What big events do you have planned? I understand that your president George Exxon Bush and his Laura are going to give their daughter, who was recently married, a winter home in Jackson Hole, Wyo. as one of her Christmas gifts. I'm sure that even if your home is in foreclosure and your 401k is dropping in value like the bombs on Baghdad you're happy that at least the Bush family is financially better off than they were eight years ago. My significant other and I are leaving on a 31-day cruise during Christmas that was paid for from profits when our euros kicked your dollar's butt. We're hoping for a 107-day world cruise next year.

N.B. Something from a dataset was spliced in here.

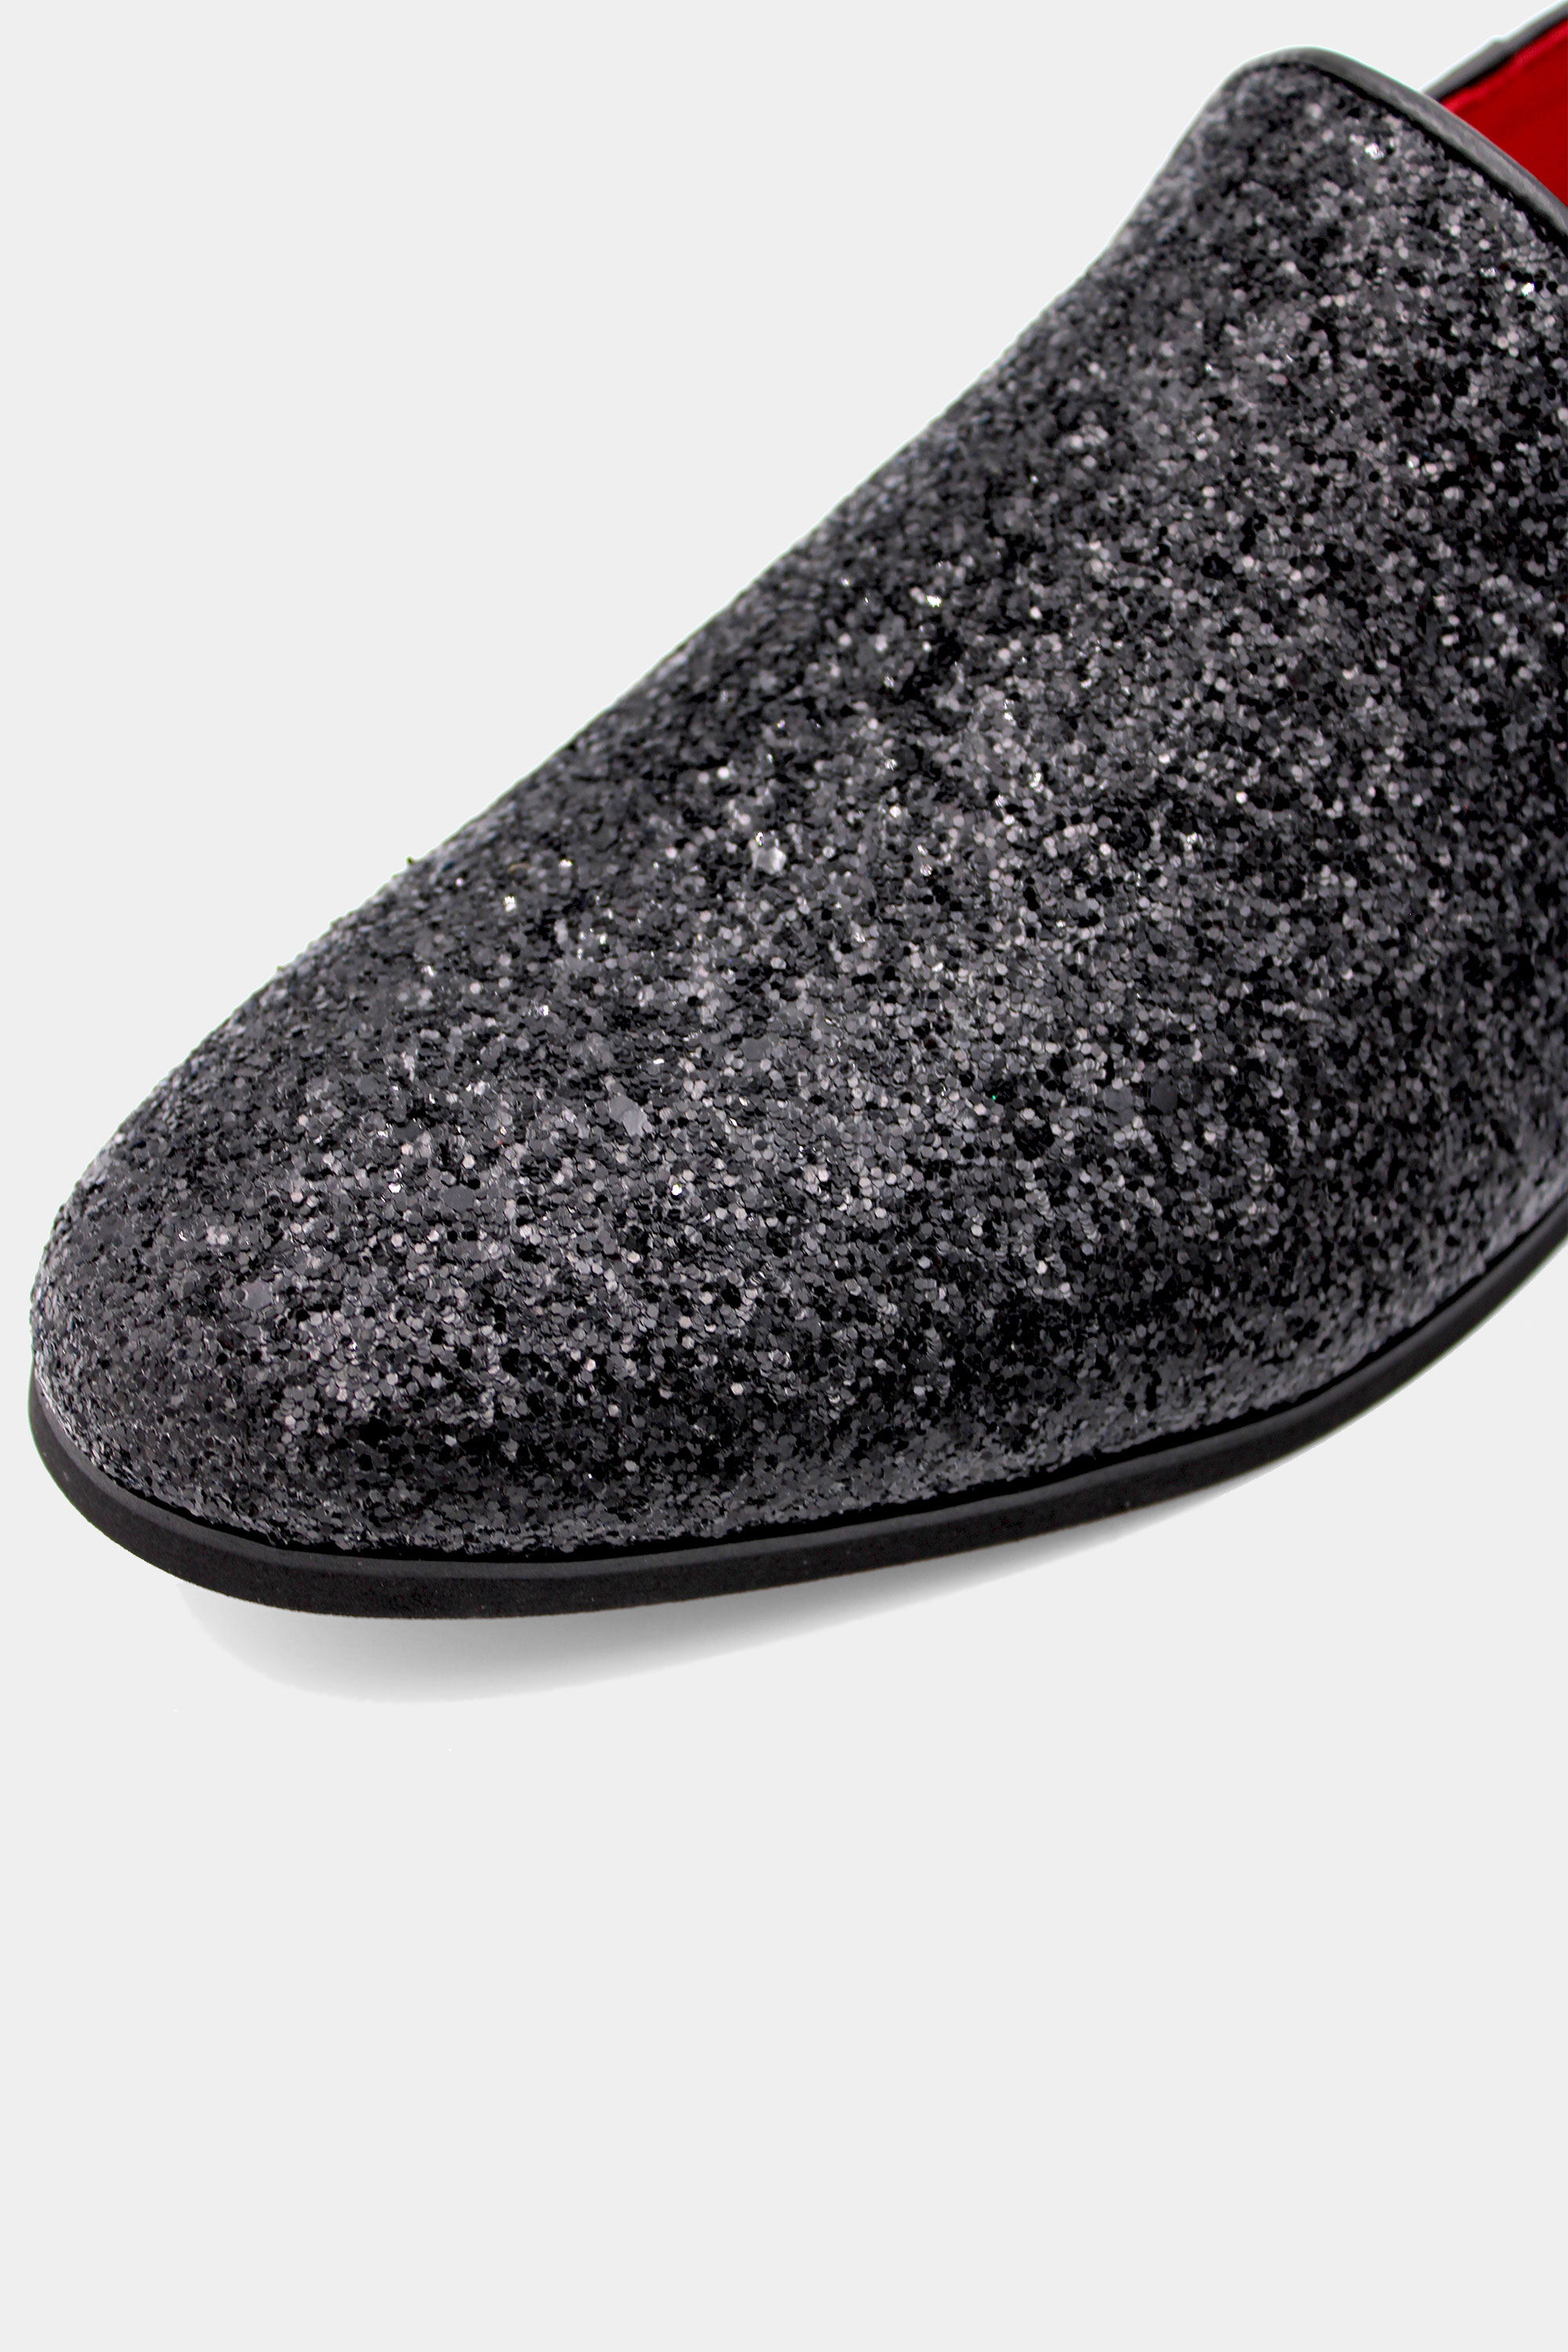 Black-Sparkly-Prom-Loafers-from-Gentlemansguru.com

Bushie dear, I know you're confused about the bailout, but don't spend all your time worrying about Wall Street and your bank. We still have Mr. Bush's wars to fight. Plus, we have to deal with Iran and North Korea getting nuclear weapons. Oh, and what do you think about Russia moving jet fighters, bombers and warships into the Venezuela area? I think it's only fair since George put U.S. missiles in Poland. But then, being a two-faced, mass murdering, self-serving hypocrite, you don't know the meaning of the word fair.
Hopefully, John McCain and dumber-than-dirt Sarah Palin will win the election so we can stay in Iraq for a hundred years. I like Iraq and think we should make the Iraqis super rich as we have the Saudis. Still, in my opinion, that's being pretty optimistic since the United States might be part of Red China in ten years. That is if global warming hasn't done us in. Oops! I forgot that Bush told you global warming is not man made and not to worry about it. Besides, Sarah told some cheering idiots in Ohio yesterday that she and John would see to it that we use "CLEAN" coal. I've mined coal in Pikeville, Kentucky. We never found any clean coal. I guess all the clean coal is in Alaska. Have a nice day, Bushie, and if you even need help like change for a dime or the correct time, just call on me. I'm your brother in Christ, and God knows that Osama and I'd like nothing better than to send you and your family to Him in a shoebox.